Installing and running CorpusSearch


Preliminaries

Installing CorpusSearch

Running CorpusSearch

CorpusSearch is run from a terminal window (or "cmd" box) as described above. It needs two arguments to run: a command file and one or more source files. Assuming the alias "CS" defined in the previous section, the following command runs the query "foo.q" on the source file "bar.psd".
CS foo.q bar.psd
The above command assumes that the command file and source files are in the same directory as the one from which you're invoking CorpusSearch. If that is not the case, you need to specify full paths to the files in question. For example:
CS /path/to/query/file/foo.q path/to/input/file/bar.psd

CS ../queries/foo.q ../../corpus/bar.psd
Using standard command line conventions, more than one file can be searched in a single run.
CS foo.q a*.psd *z.psd /some/other/directory/*.psd
CorpusSearch can also be invoked without arguments. It then prompts the user to enter the names of the command file and of the source file(s).
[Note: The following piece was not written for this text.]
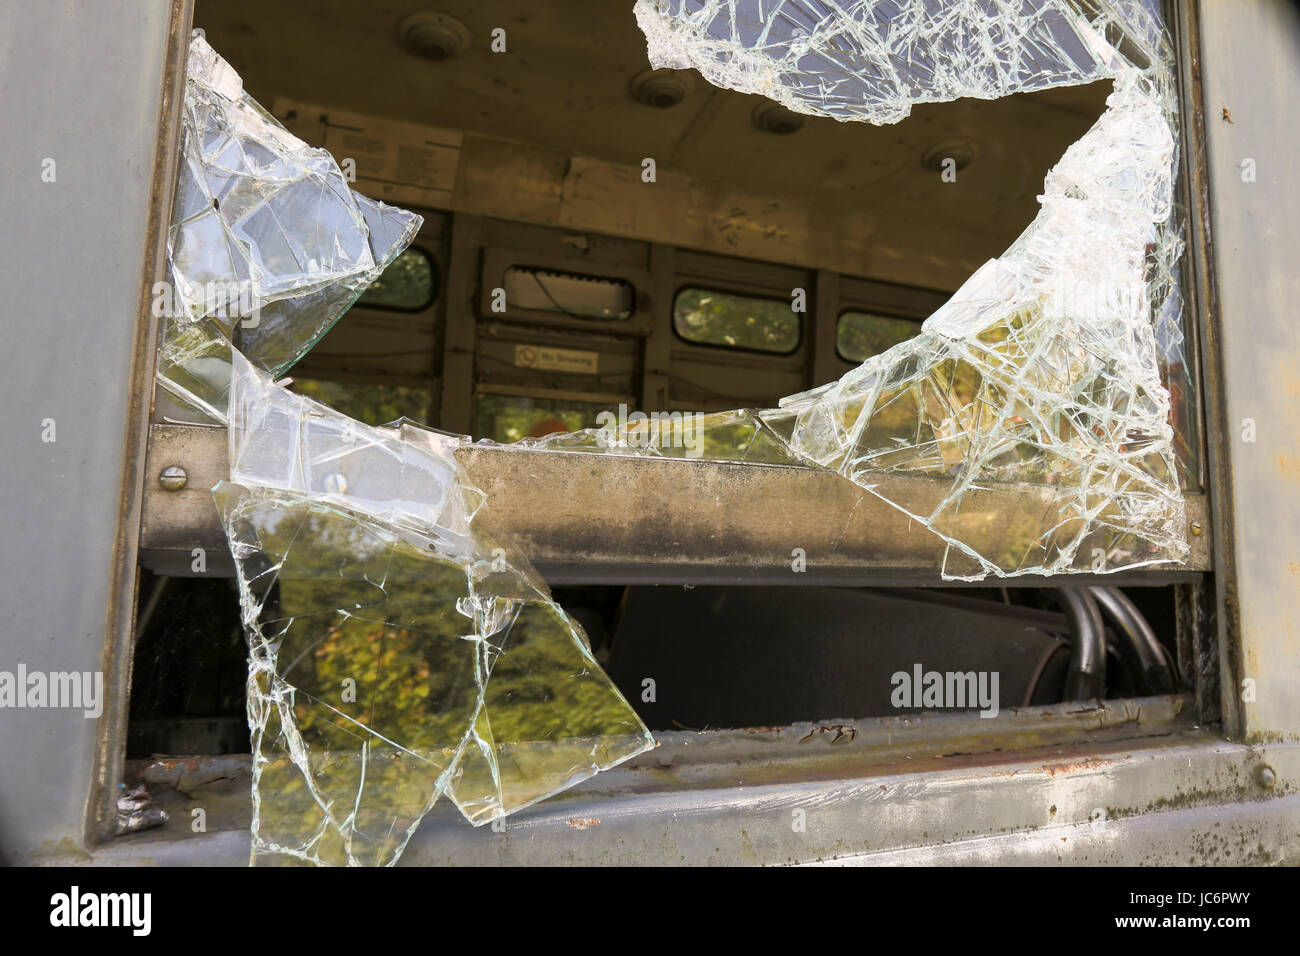 Close up of broken safety glass in window of commuter train car. Stock Photo

The search results are written to a file with the same basename as the query file, but with the extension .out ("foo.out" in the case at hand).

The basename of the output file (but not the extension) can be changed using an "-out" switch. Not "-o", but "-out".
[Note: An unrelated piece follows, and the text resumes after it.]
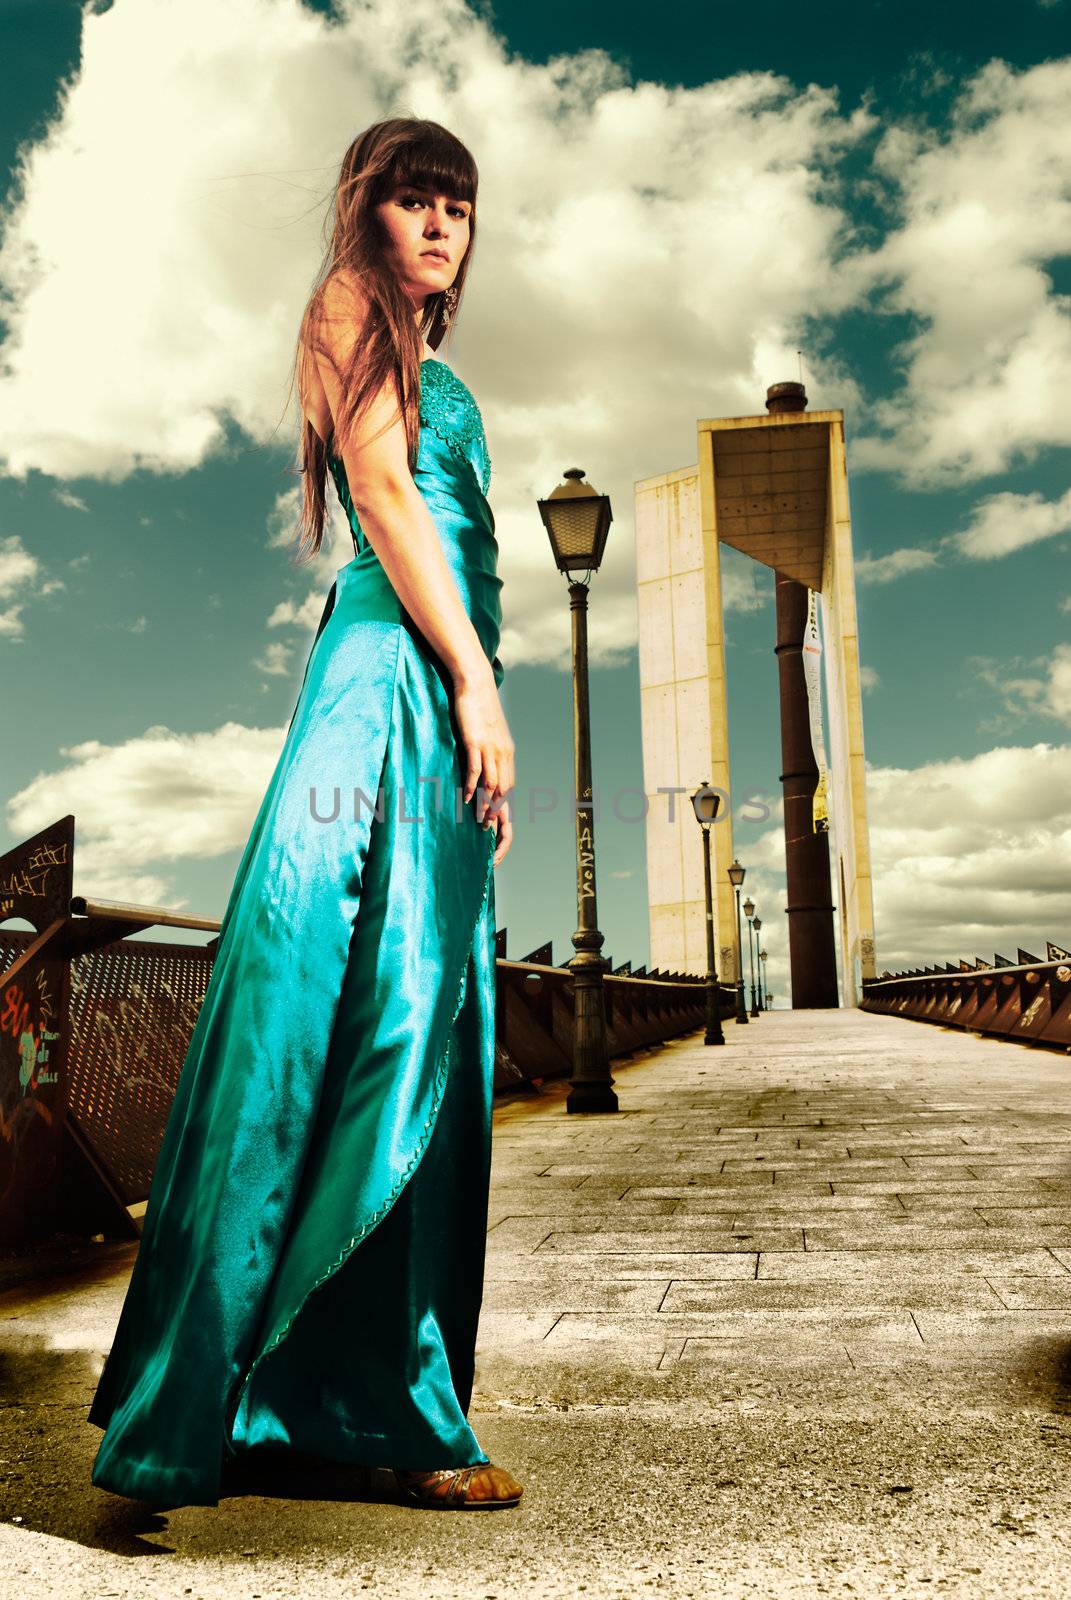 Young woman fashion outdoor cross processing dress urban scene by dgmata

CS foo.q bar.psd -out foo-on-bar.out

CS foo.q *.psd -out all.out

If CorpusSearch reports a run-time error because the underlying corpus is corrupted (for instance, because of mismatched parentheses), it sends an error message to the terminal screen by default. Tracking down such errors generally requires redirecting the error message to a file. The file is standardly called "ERR", but the name is up to the user.

CS foo.q bar.psd >& ERR

CS foo.q *.psd >& help-me-debug

Depending on the complexity of a query and the size of the input, searches can take from a few seconds to a few hours. To run a search in the background under Unix/Linux, add an ampersand (&) at the end of your command:

CS foo.q bar.psd &

CS foo.q bar.psd >& ERR &

Before initiating a search in the background, make sure there is no .out file corresponding to the query you intend to run. If there is, your search will stall.